Abstract : P.5
Model initial condition sensitivity of downslope winds

Alex Reinecke, Dale Durran
alex.reinecke@gmail.com
University of Washington

With the advancement of numerical weather prediction models, forecasting mesoscale phenomenon such as downslope wind storms and mountain waves is common place. While these models are quite capable of producing realistic and plausible solutions, their actual ability produce valid forecasts of detailed mesoscale structure remains largely unexplored. One important unanswered question is, what is the sensitivity of the forecasted feature to the initial model conditions? If a model solution is extremely sensitive to initial conditions, then the phenomenon is thought to have limited predictability.

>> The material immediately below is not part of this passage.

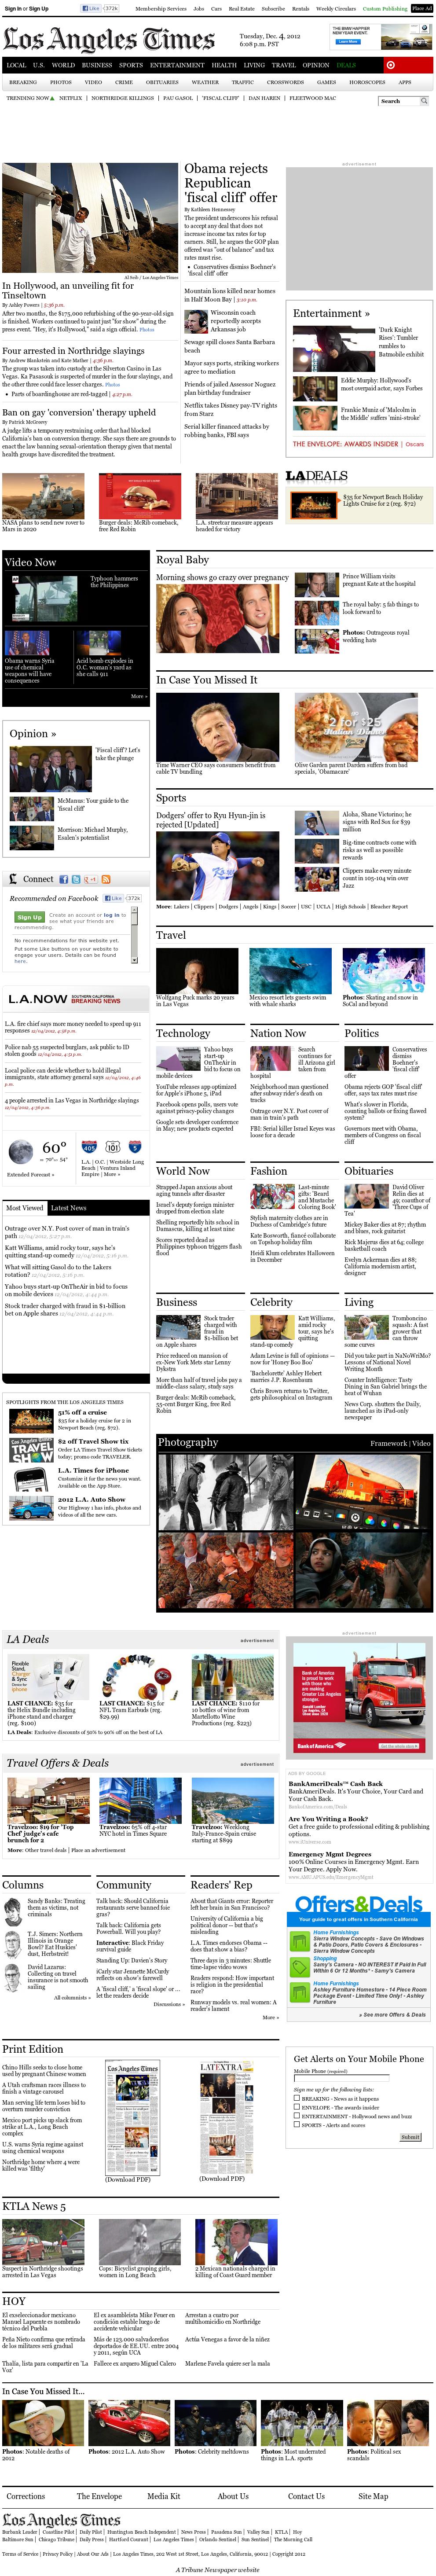 Los Angeles Times at Wednesday Dec. 5, 2012, 2:16 a.m. UTC

In this study we use an ensemble of 70 equally likely members to examine the sensitivity of downslope wind storms, drawn from the T-REX data set, to initial model conditions.

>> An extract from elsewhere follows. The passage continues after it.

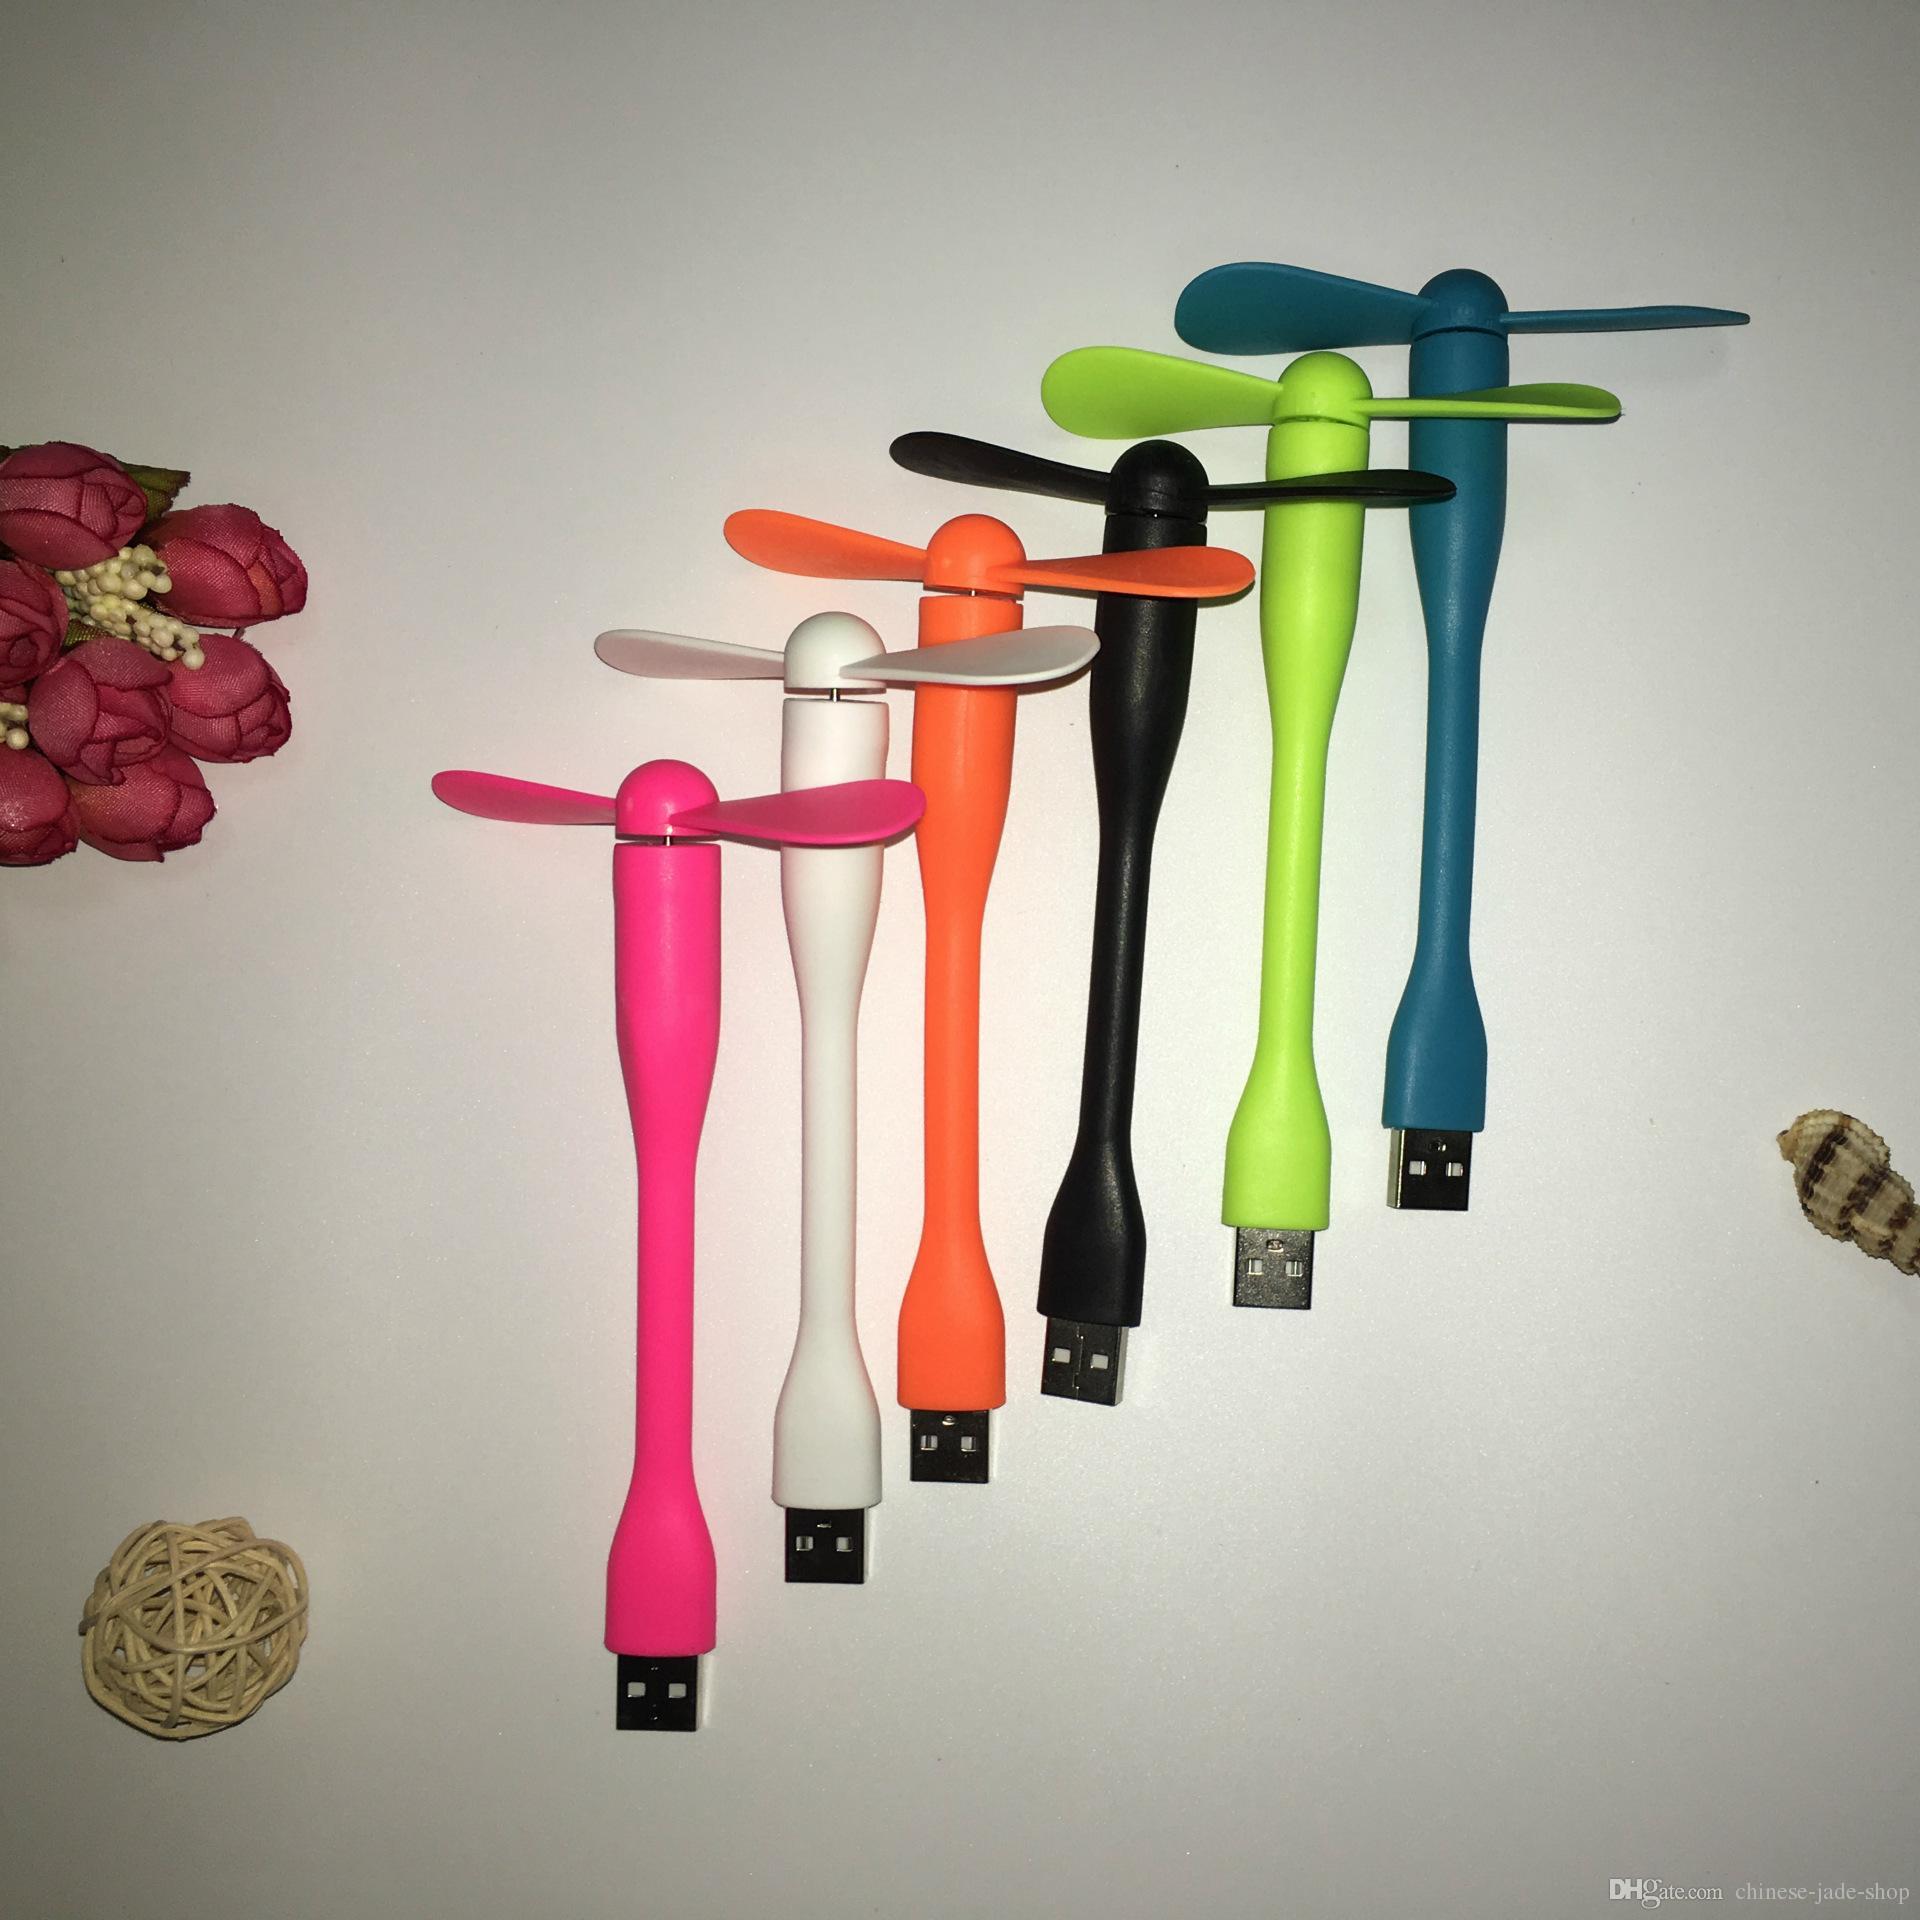 Tragbare TPE Mini-USB-Ventilator Smartphone-Power für Android Typ C 3 in 1 USB mit Paket /

An Ensemble Square-root Kalman Filter is used to generate the ensemble, which is then integrated forward with COAMPS at horizontal resolutions down to 3 km. With the 70 ensemble members it is possible to find a statistically-significant, linear relationship between the modeled downslope winds at a given forecast time and the initial conditions. As an example, during T-REX IOP 6 the ensemble shows that the strength of downslope wind speeds in the Owens Valley is strongly anti-correlated with the upstream, upper-level wind speed. Increasing the wind speed in the initial conditions at the point of maximum anti-correlation by a mere 3 m/s leads a decrease in downslope wind speeds by 9.5 m/s in a short 6 hour forecast. This rapid error growth suggests a inherent lack of predictability in at least some downslope flows.